In the [previous notebook](./E_CMB_ML_framework.ipynb), I built up to a single stage of a pipeline. In this notebook, I look at how the pipeline can be assembled.

## Contents

View this notebook with [nbviewer](https://nbviewer.org/github/CMB-ML/cmb-ml/tree/main/demonstrations/F_CMB_ML_pipeline.ipynb#Introduction) (or in your IDE) to enable these links.

This notebook continues with the running [Example](#Example) from the previous notebook. It introduces two components of the CMB-ML library that exist outside the context of an individual stage, managing the whole pipeline instead:
- [PipelineContext](#PipelineContext): Manages the Executors in a pipeline
- [LogMaker](#LogMaker): Sets aside information used throughout the pipeline

A short [Conclusion](#Conclusion) wraps up and provides a segue to the next notebook. This notebook is mercifully shorter.

## Example

This notebook continues with considering the same simple task: converting a power spectrum to a map.

There are two stages. The first writes a power spectrum to the dataset as a text file. The second reads that power spectrum data and produces a "CMB" map.

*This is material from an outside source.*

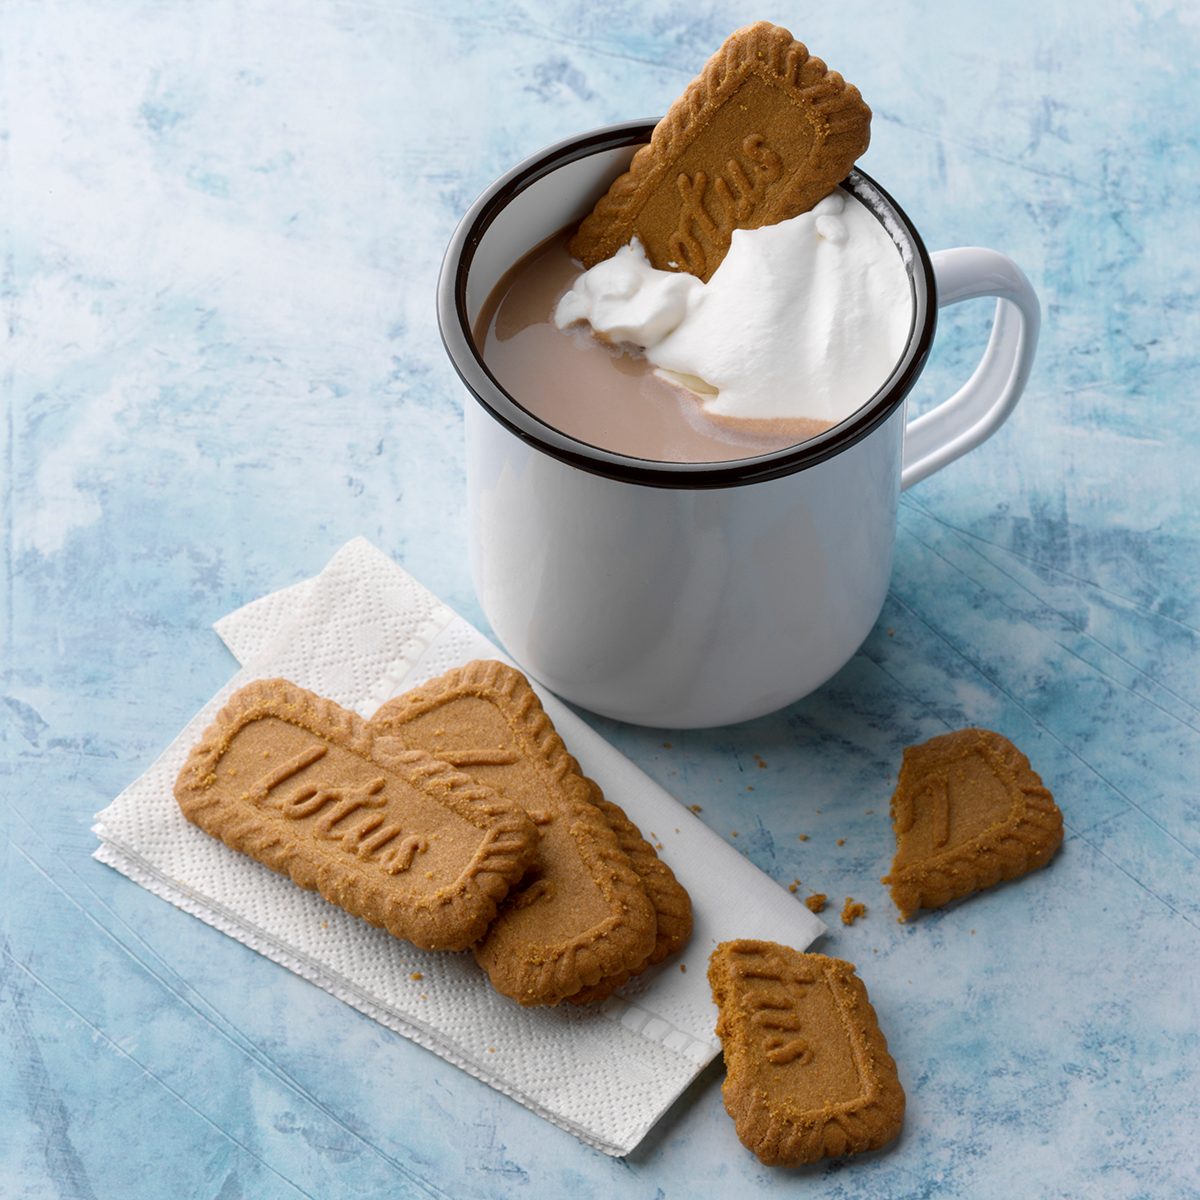 15 Things To Put In Hot Chocolate Besides Mini Marshmallows Laptrinhx News
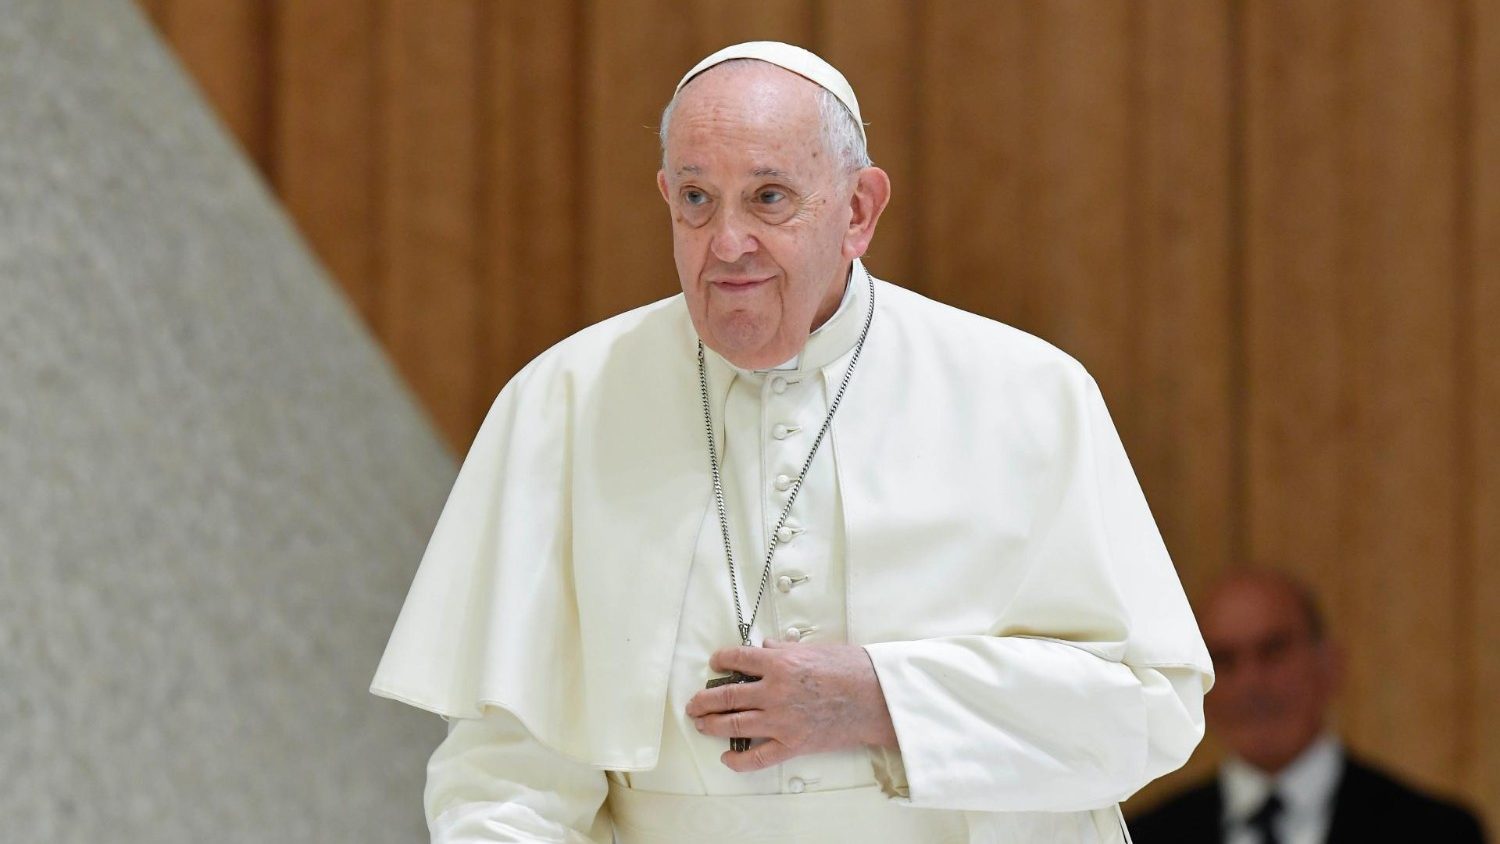 Pope Francis to speak at Clinton Global Initiative – Vatican News

(In the previous notebook, you may not have noticed the first stage running, because it was hidden in the "helper module." Almost all the code for this notebook is included.)

I do recommend looking through the Set-Up section, as some minor changes have been made to the Executors.

There is still a helper module, but it only contains import statements for use by the LogMaker object (the LogMaker was written with the assumption it would be called from a module).

## Set-up

In [None]:
import os

# Set the location of the data directory
os.environ["CMB_ML_DATA"] = "/data/jim/CMB_Data"

In [2]:
import logging
from hydra import compose, initialize
import numpy as np
import healpy as hp

from cmbml.core import BaseStageExecutor, Asset
from cmbml.core.asset_handlers import TextPowerSpectrum, HealpyMap

I'll use a logger this time, instead of `print()`.

In [3]:
logger = logging.getLogger("F_Tutorial")
logger.setLevel(logging.DEBUG)

# Outside of a notebook, Hydra will handle the logging. 
handler = logging.StreamHandler()  # StreamHandler sends logs to sys.stdout by default
handler.setLevel(logging.DEBUG)
logger.addHandler(handler)

These are the executors used previously.

In [4]:
class MakePSExecutor(BaseStageExecutor):
    def __init__(self, cfg):
        super().__init__(cfg, stage_str="ps_setup")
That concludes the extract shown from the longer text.